About Proba-2
Proba stands for PRoject for OnBoard Autonomy. The Proba satellites are among the smallest ever to be flown by ESA, but they are making a big impact in space technology. Proba-2 is the second of the series, building on nearly eight years of successful Proba-1 experience.
Providing flight opportunities
The Proba satellites are part of ESA’s In-orbit Technology Demonstration Programme, missions dedicated to the demonstration of innovative technologies. In-orbit demonstration is the last step on the technology development ladder. New technology products need to be demonstrated in orbit, particularly when users require evidence of flight heritage or when there is a high risk associated with use of the new technology.
In-orbit demonstration is achieved through experiments on carriers of opportunity, such as the International Space Station, or through dedicated small satellites such as the Proba series, which was created to increase the availability of flight-testing opportunities.
Ensuring a competitive European industry
Small, low-cost missions allow small companies access to space and provide them with the experience that is essential for European industries to be competitive and innovative.
Commitment to technological innovation
Proba-2 is the result of ESA’s commitment to technological innovation. Altogether, 17 new technological developments and four scientific experiments are being flown on Proba-2.
Technology demonstrations
The technology demonstrations are:
- a new type of lithium-ion battery, developed by SAFT (FR)
- an advanced data and power management system, containing many new component technologies including the LEON processor developed by Verhaert Space (BE)
- combined carbon-fibre and aluminium structural panels, developed by Apco Technologies SA (CH)
- new models of reaction wheels from Dynacon (CA), startrackers from DTU (DK) and GPS receivers from DLR (DE)
- an upgraded telecommand system with a decoder largely implemented in software by STT- SystemTechnik GmbH (DE)
- a digital Sun-sensor, developed by TNO (NL)
- a dual-frequency GPS receiver, developed by Alcatel Espace (FR)
- a fibre-sensor system for monitoring temperatures and pressures around the satellite, developed by MPB Communications Inc. (CA)
- a new startracker development being test-flown before use on the BepiColombo mission, developed by Galileo Avionica (IT)
- a very high-precision flux-gate magnetometer, developed by DTU (DK)

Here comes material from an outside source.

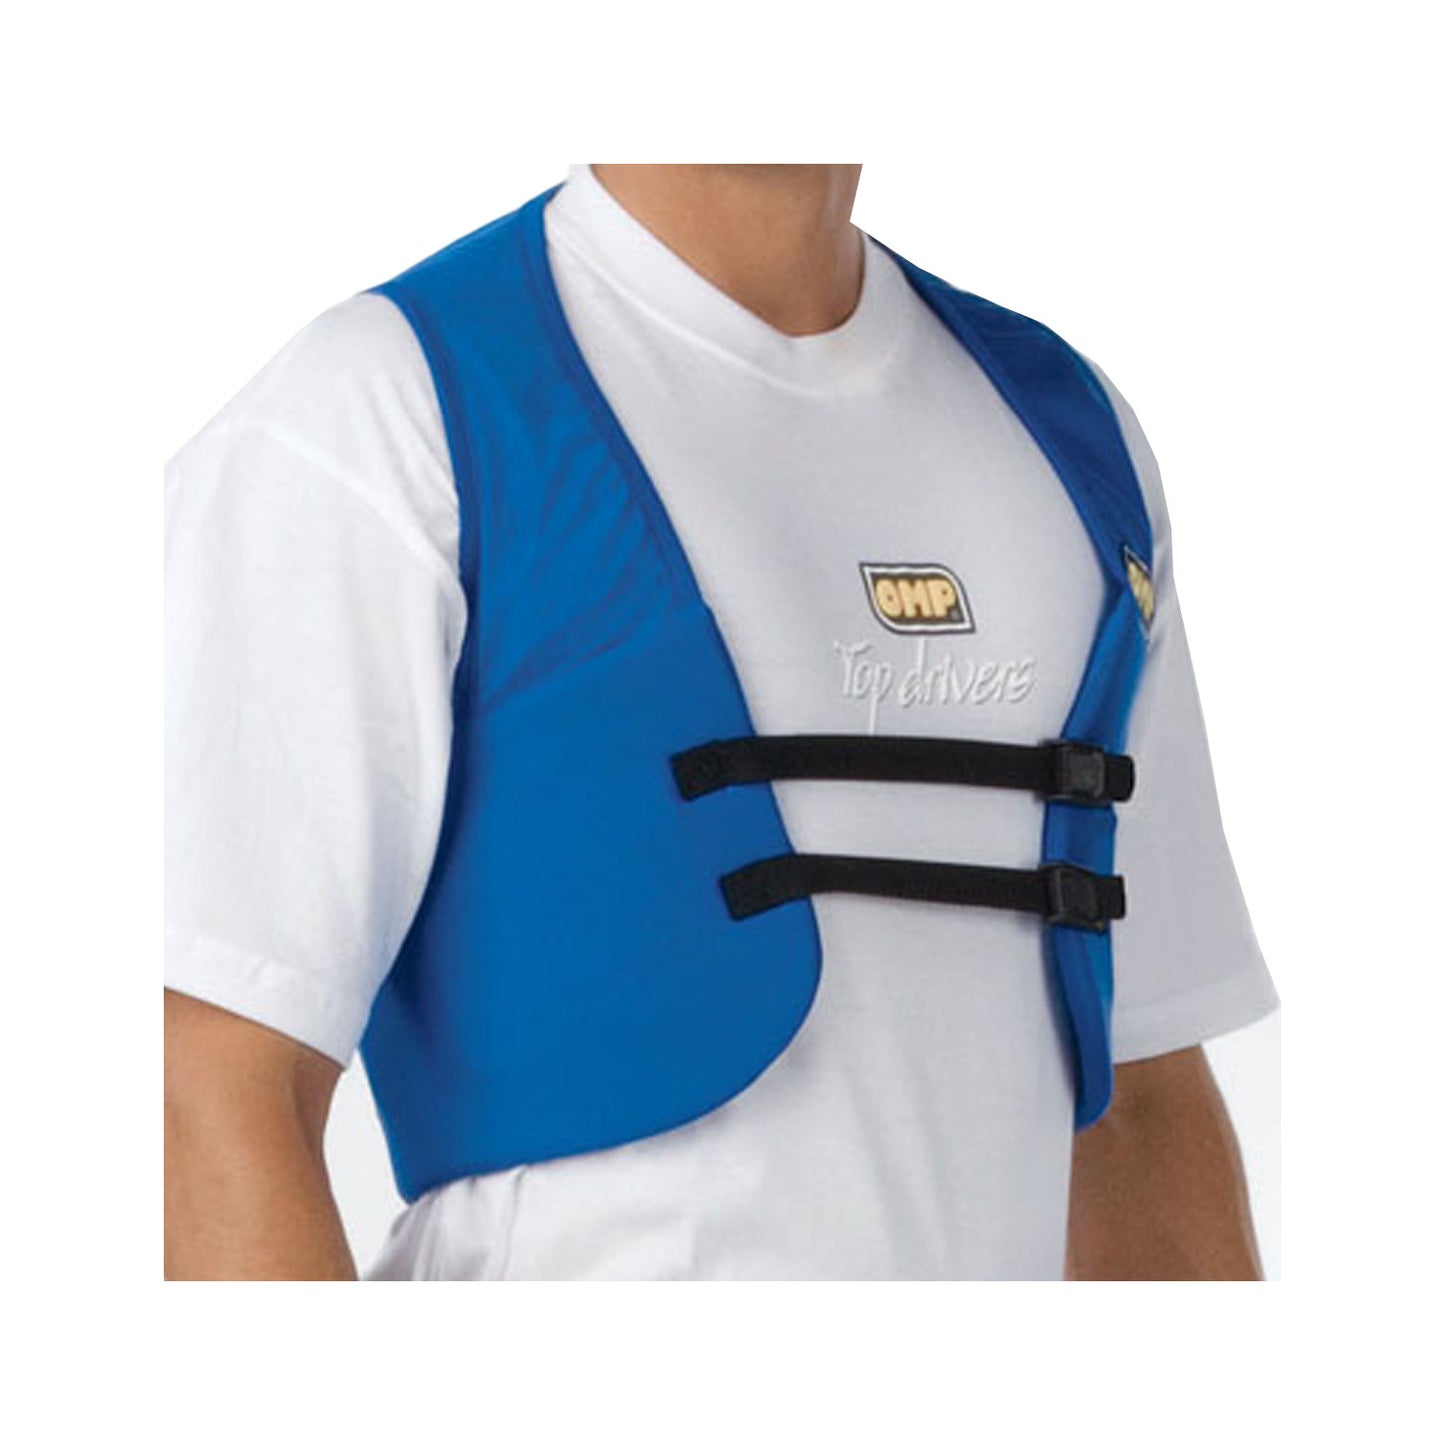 OMP Italy Rib Protection Vest

- an experimental solar panel with a solar flux concentrator, developed by CSL (BE)
- a xenon gas propulsion system using resistojet thrusters and a solid-state nitrogen gas generator to pressurise the propellant tanks, developed by SSTL (GB) and Bradford (NL)
- an exploration micro-camera (X-CAM), developed by Micro-cameras & Space Exploration (CH)

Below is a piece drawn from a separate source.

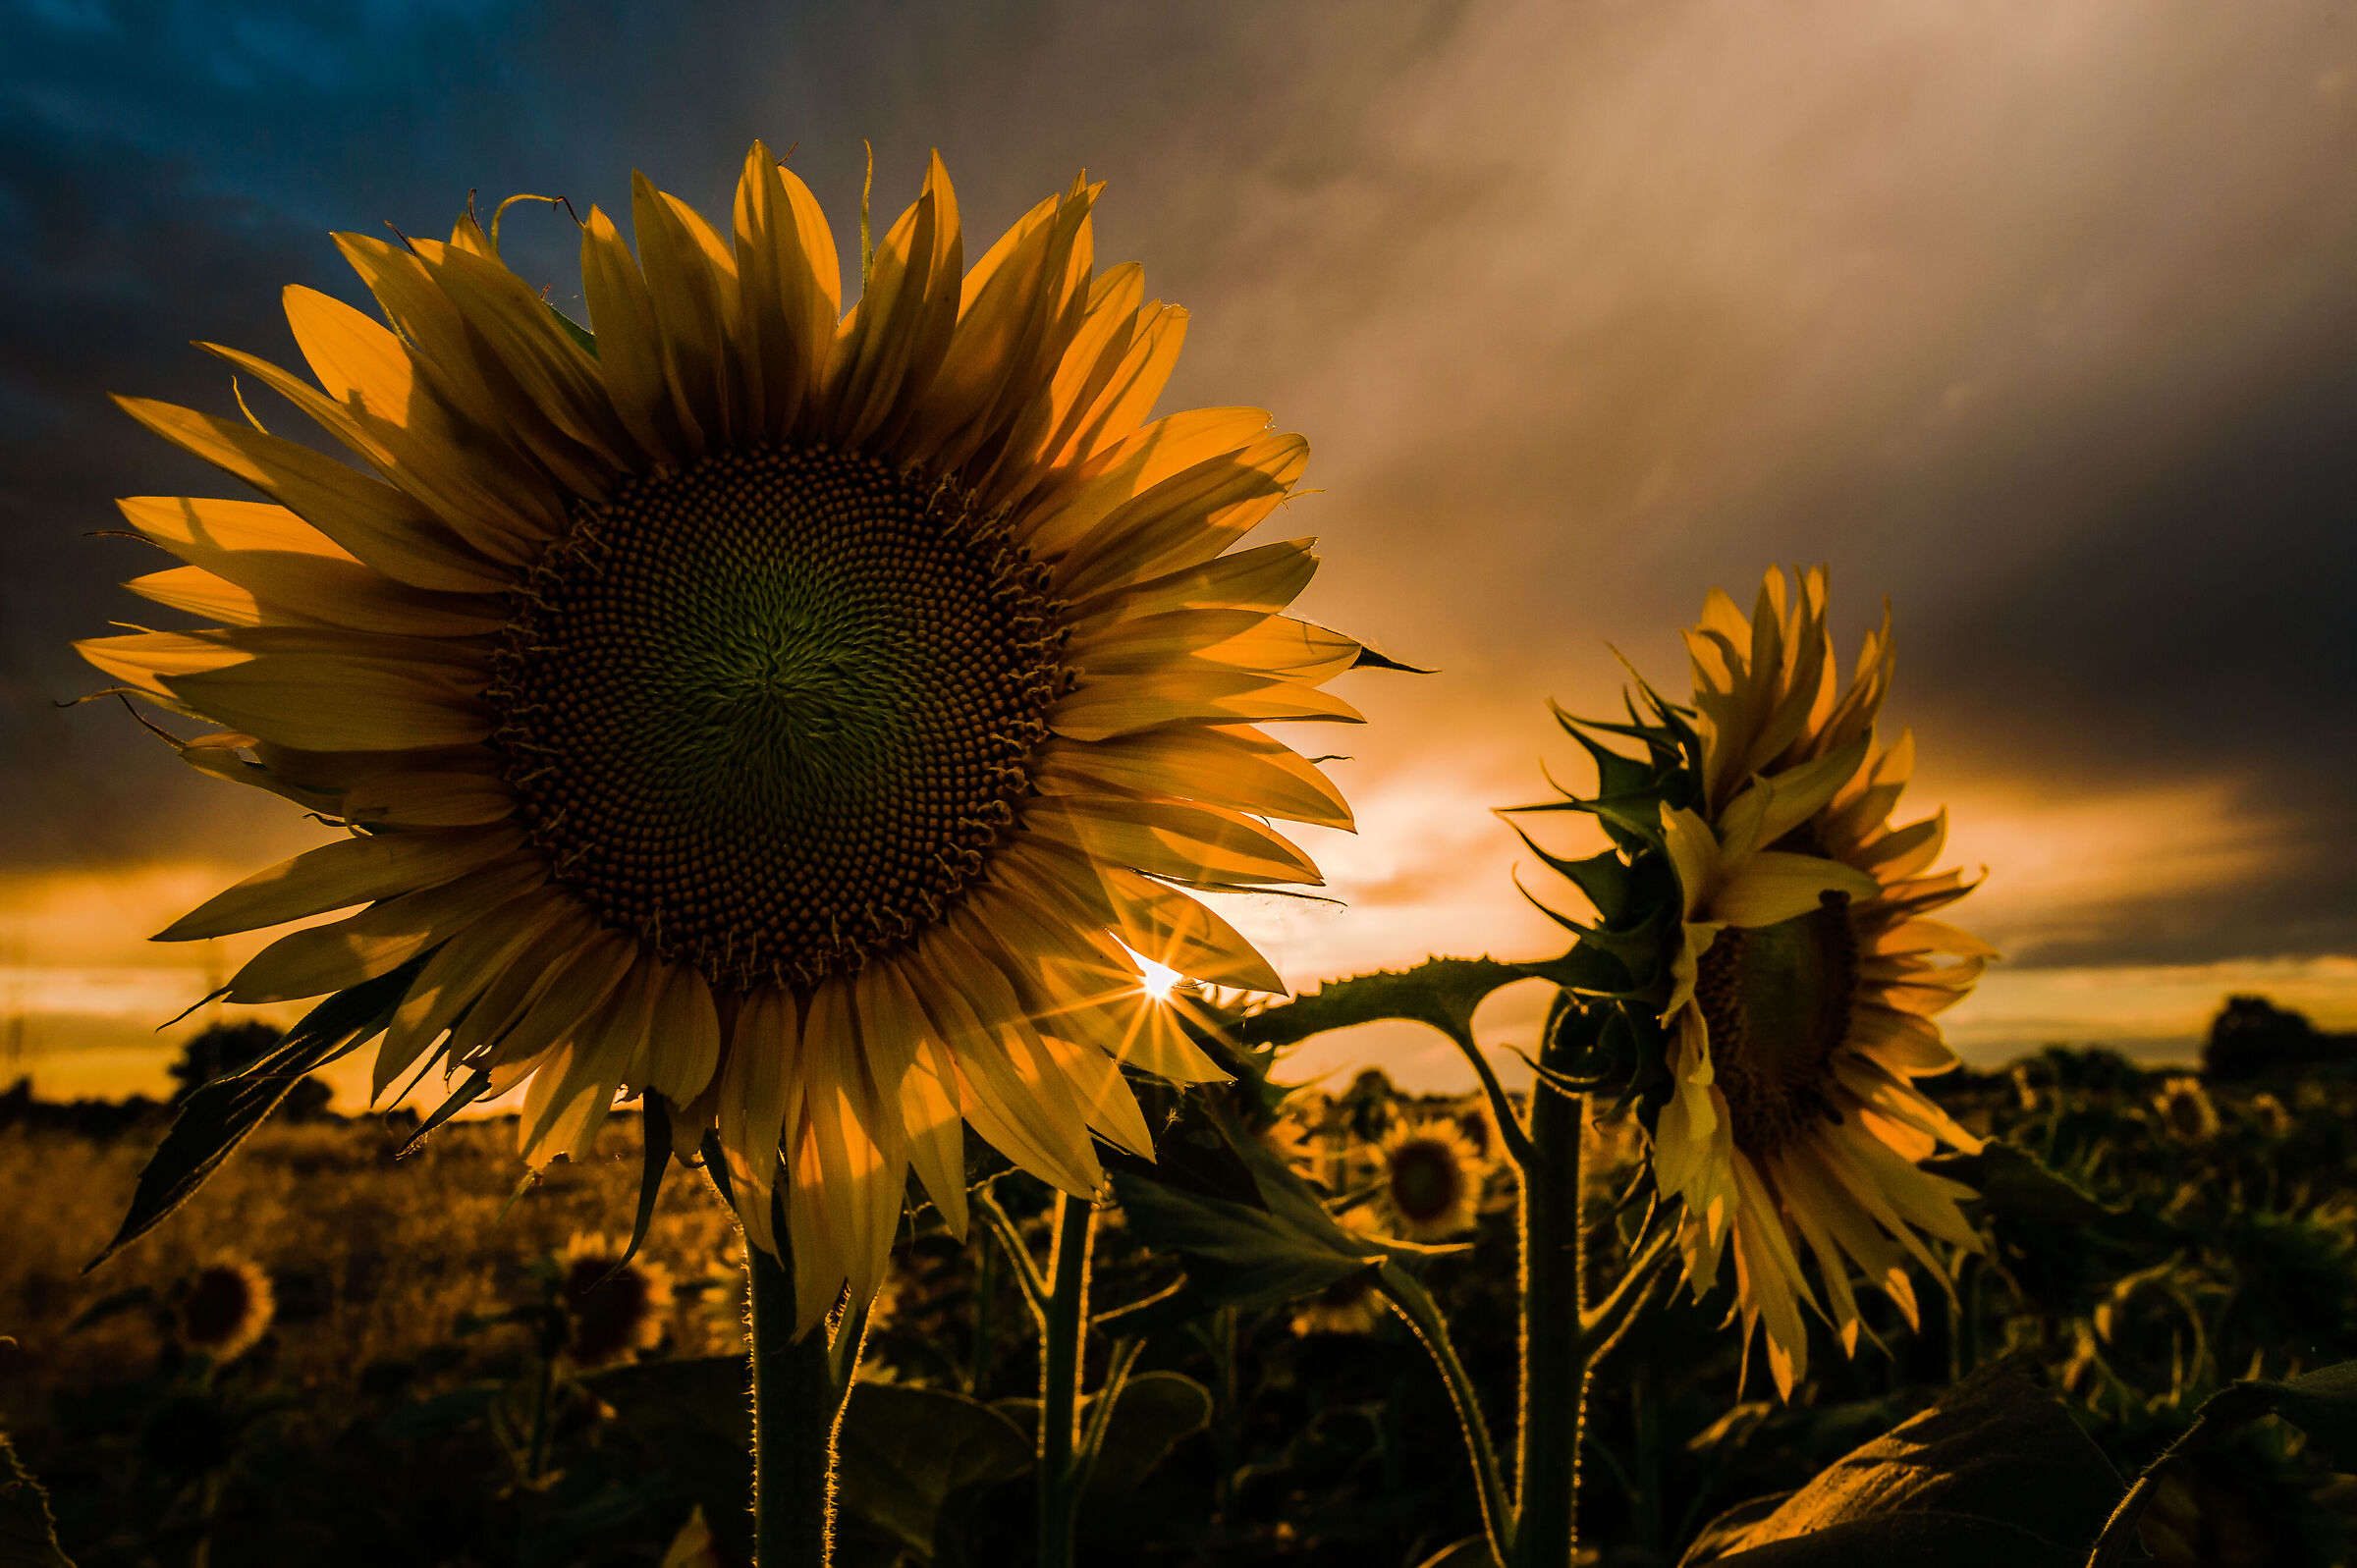 Sunflowers at sunset 1...

- new GNC algorithms developed by NGC (CA)
The two solar observation experiments are:
- a Large Yield Radiometer (LYRA) that will monitor four bands in a very wide ultraviolet spectrum, with Centre Spatial de Liège as lead institute supported by the Royal Observatory of Belgium as scientific leader and with an international team comprising PMOD (CH), IMOMEC (BE) and BISA (BE)
- an extreme-ultraviolet telescope (SWAP) using new pixel sensor technology (APS), that will make measurements of the solar corona in a very narrow band, with Centre Spatial de Liège as lead institute supported by the Royal Observatory of Belgium and with an industrial team comprising Alcatel-Lucent (BE), AMOS SA (BE), DELTATEC (BE), Fill Factory NV (BE) and OIP NV (BE)
The two space weather experiments are:
- Dual Segmented Langmuir Probes (DSLP), which will measure electron density and temperature in the background plasma of the Earth’s magnetosphere
- a thermal plasma measurement unit (TPMU), that will measure ion densities and composition
Both were developed by a Czech consortium, led by the Institute of Atmospheric Physics, Academy of Sciences of the Czech Republic (CZ).
In total, ten European countries and Canada were involved in the construction of the Proba-2 satellite.
Effective Engineering
To ensure on board autonomy, mission control system development is an integral part of the overall mission programme, along with the associated operations. Development occurs incrementally, with progressive validation taking place throughout activities ranging from software development, spacecraft integration and system testing to in-orbit operations.